**** Data for this task ****

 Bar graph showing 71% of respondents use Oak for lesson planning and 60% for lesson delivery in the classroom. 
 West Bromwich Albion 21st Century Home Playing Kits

****
**** Data for this task ****

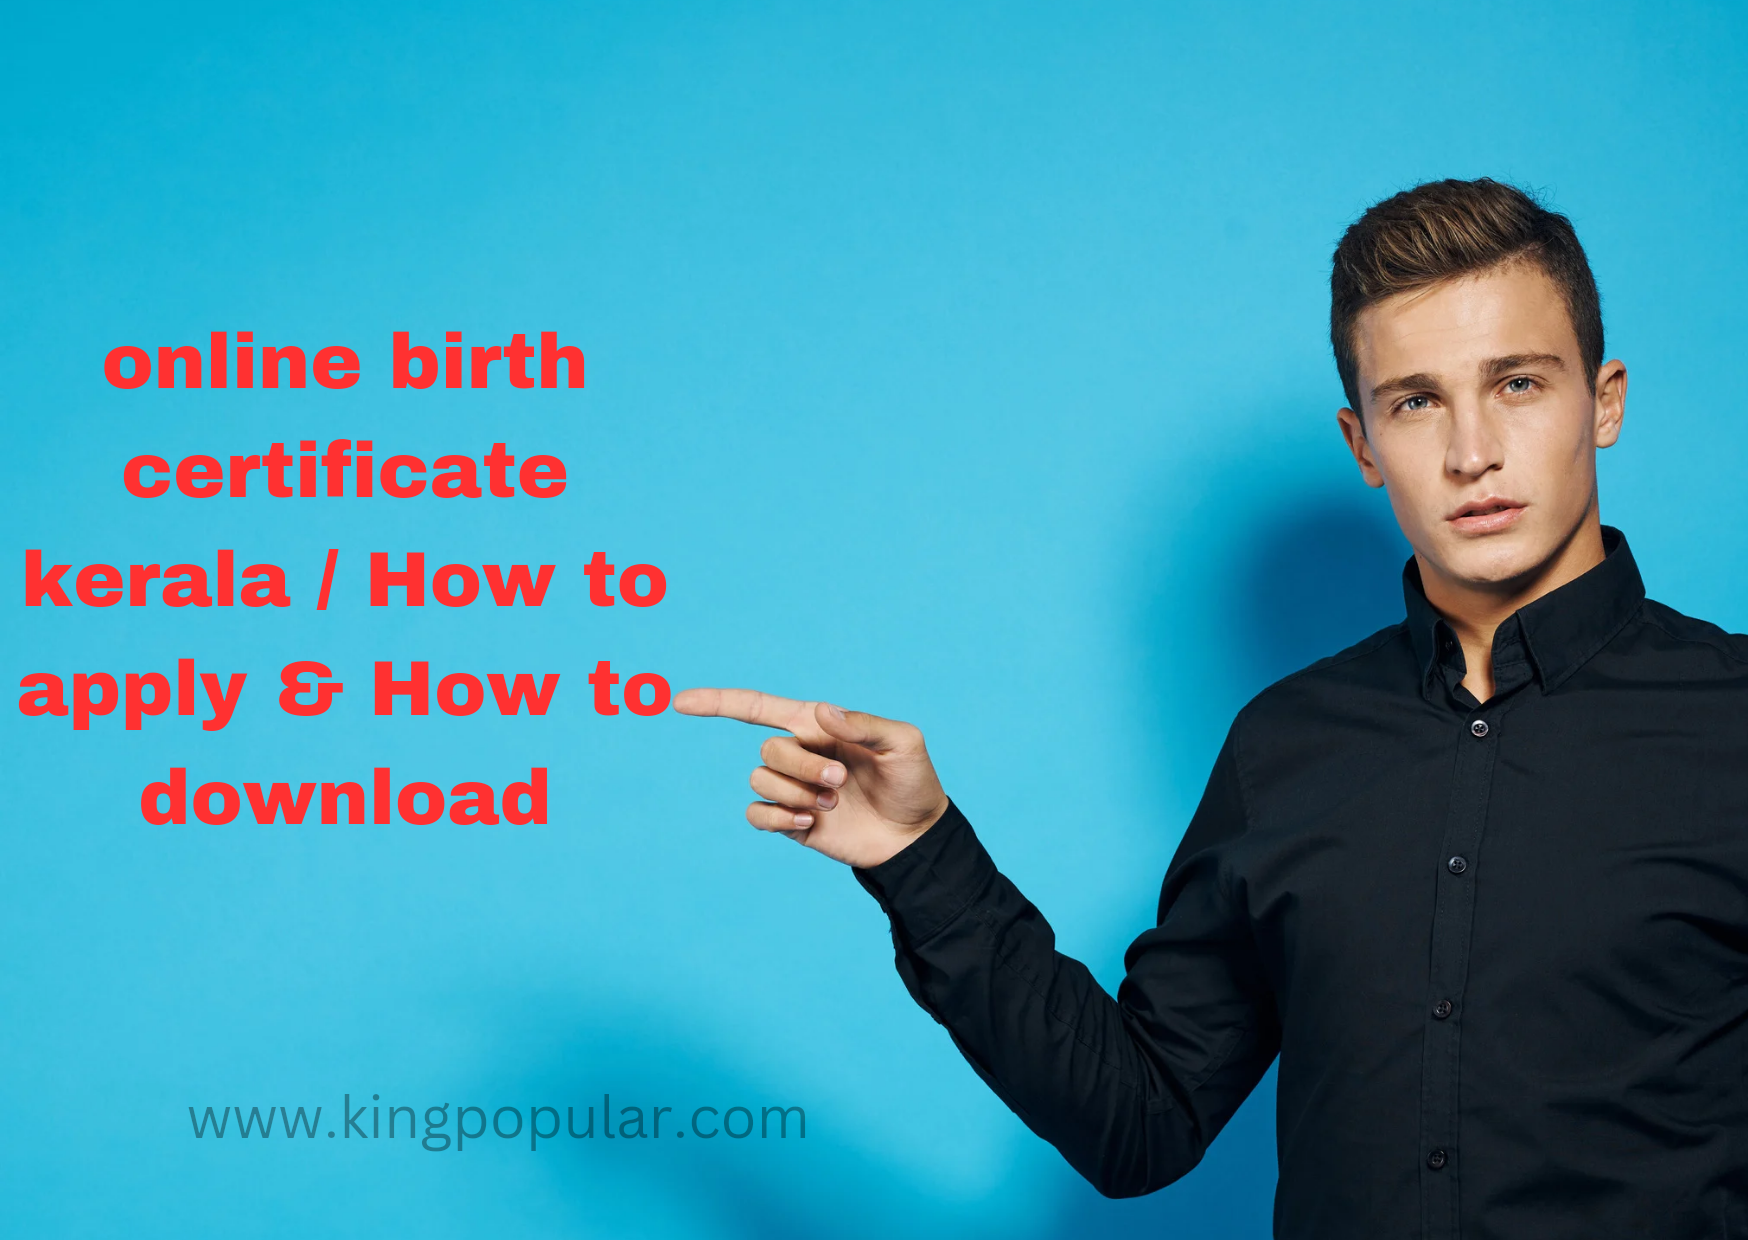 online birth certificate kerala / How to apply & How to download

****

- Requirement: Would you retype exactly the lines above, from the line with "Bar graph showing" to the line with "West Bromwich Albion", with both end lines kept and nothing more?

- Output below:
 Bar graph showing 71% of respondents use Oak for lesson planning and 60% for lesson delivery in the classroom. 
 West Bromwich Albion 21st Century Home Playing Kits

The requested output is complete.